A Google news scan for "Sheila Copps" today rated a mere 279 -- "Paul Martin" rates less than 812.
But ... is it working?
Those of us inside the Internet environment have always had a problem of perspectives. It's the classical McLuhanist problem of being inside any environment; the view from within is particularly perturbed. We think of it as everywhere because it's all around us, we think of it as important because, hey, like, we are in it (and we're all so beautiful, right?), we have heros and celebrities (like Linus, Mena, Doc and Winer) completely anonymous outside infinitesimal circles of friends and yet our days are filled with their focus, and these days, we even have the mainstream media who have likewise become engulfed in the network, surrounded by it, with multi-millions in vested interests propping any inflated illusions of the importance of it.
"When you are a Bear of Very Little Brain, and you Think of Things, you find sometimes that a Thing which seemed very Thingish inside you is quite different when it gets out into the open and has other people looking at it. -- Pooh
But after all these two or three decades of our techno dream coloured self-agrandizing hypnosis, could we really be part of a significant self-organizing political force?
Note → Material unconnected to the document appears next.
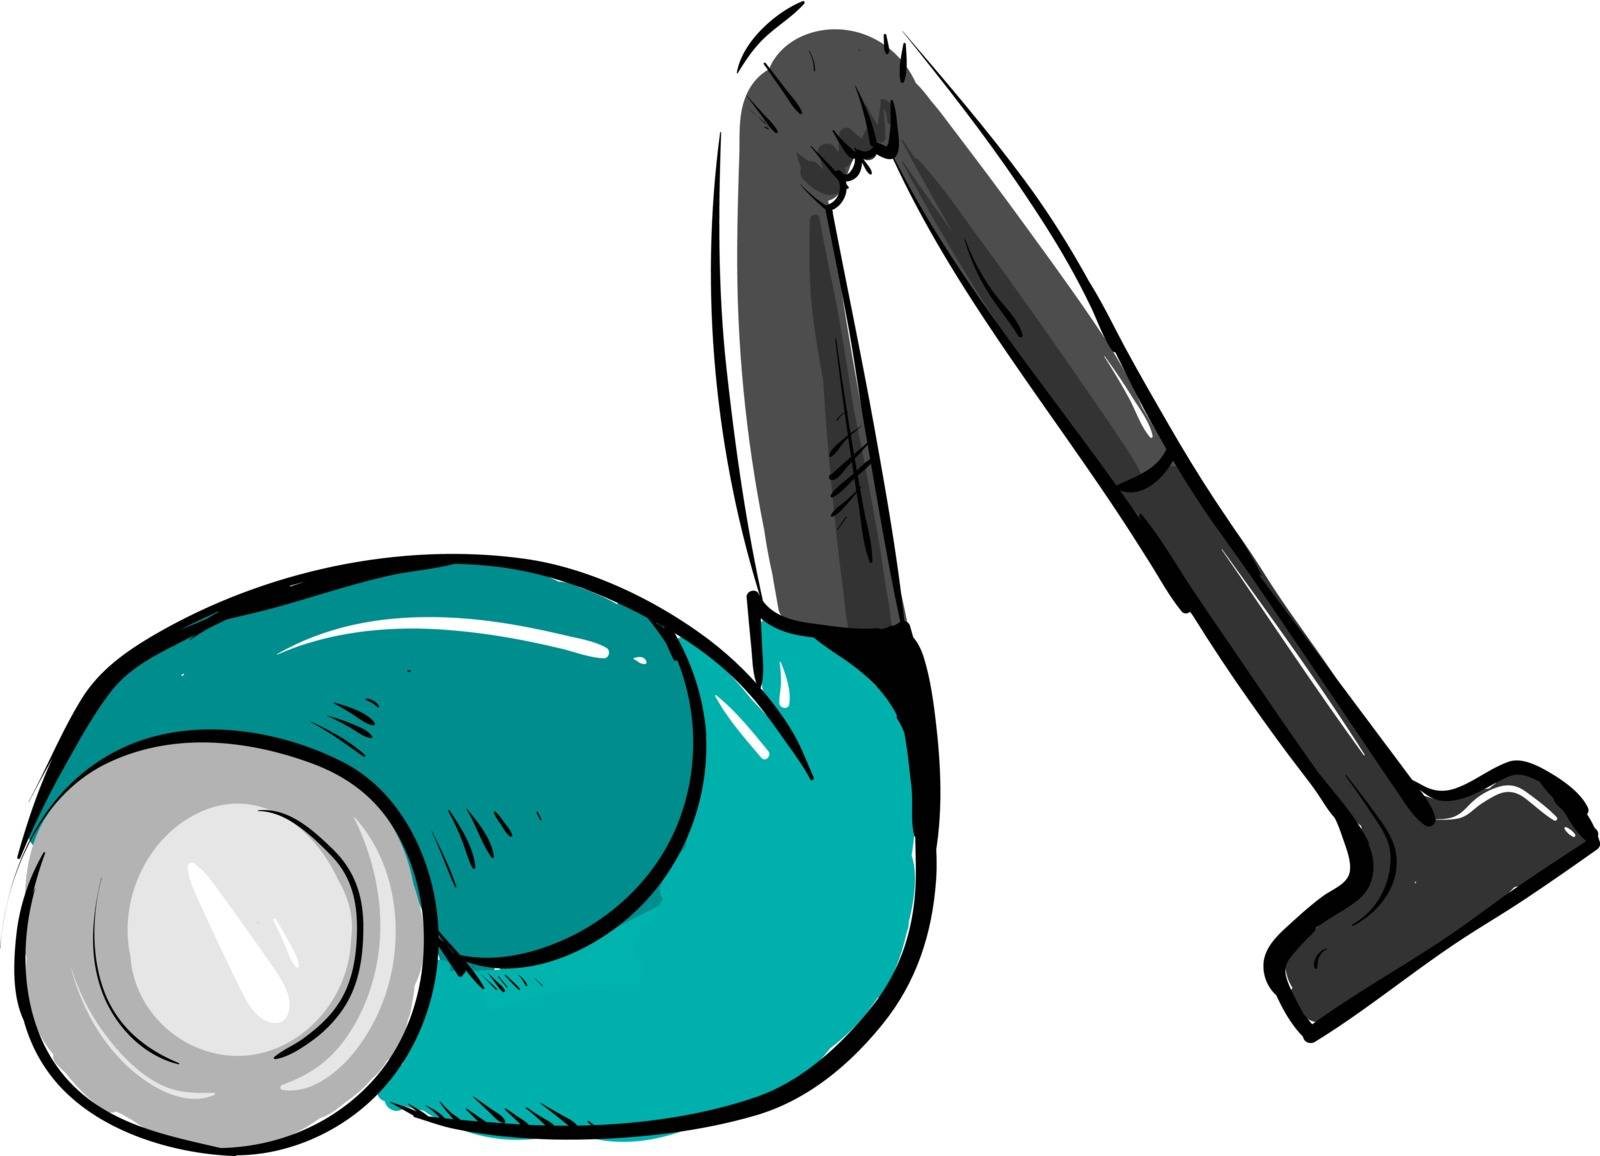 Vaccum cleaner, illustration, vector on white background. by Morphart

Sure, we talk about usurping the Second Superpower title, we talk of Flash Mobs and individual acts of petition and protest, but how do we know our networking is affecting political outcomes any more than, say, tradition means of magazine opinions and CNN/CBC pundits? We so want "our side" to be right, to be the victor, but is it?
I'm not so sure we'll know this time around. In Canada, we have Mr.Martin (sans any Mr.Bradley) vs Ms.Copps, we have the Toronto Mayoral Race, and every last man Jack of them are online firmly rooted in middle-90's Information Services (read "listen to our server database mentality" -- even if one or the other were to change to social software methods, do we have enough sample to wrest the net-weight from the personalities on the voting outcome?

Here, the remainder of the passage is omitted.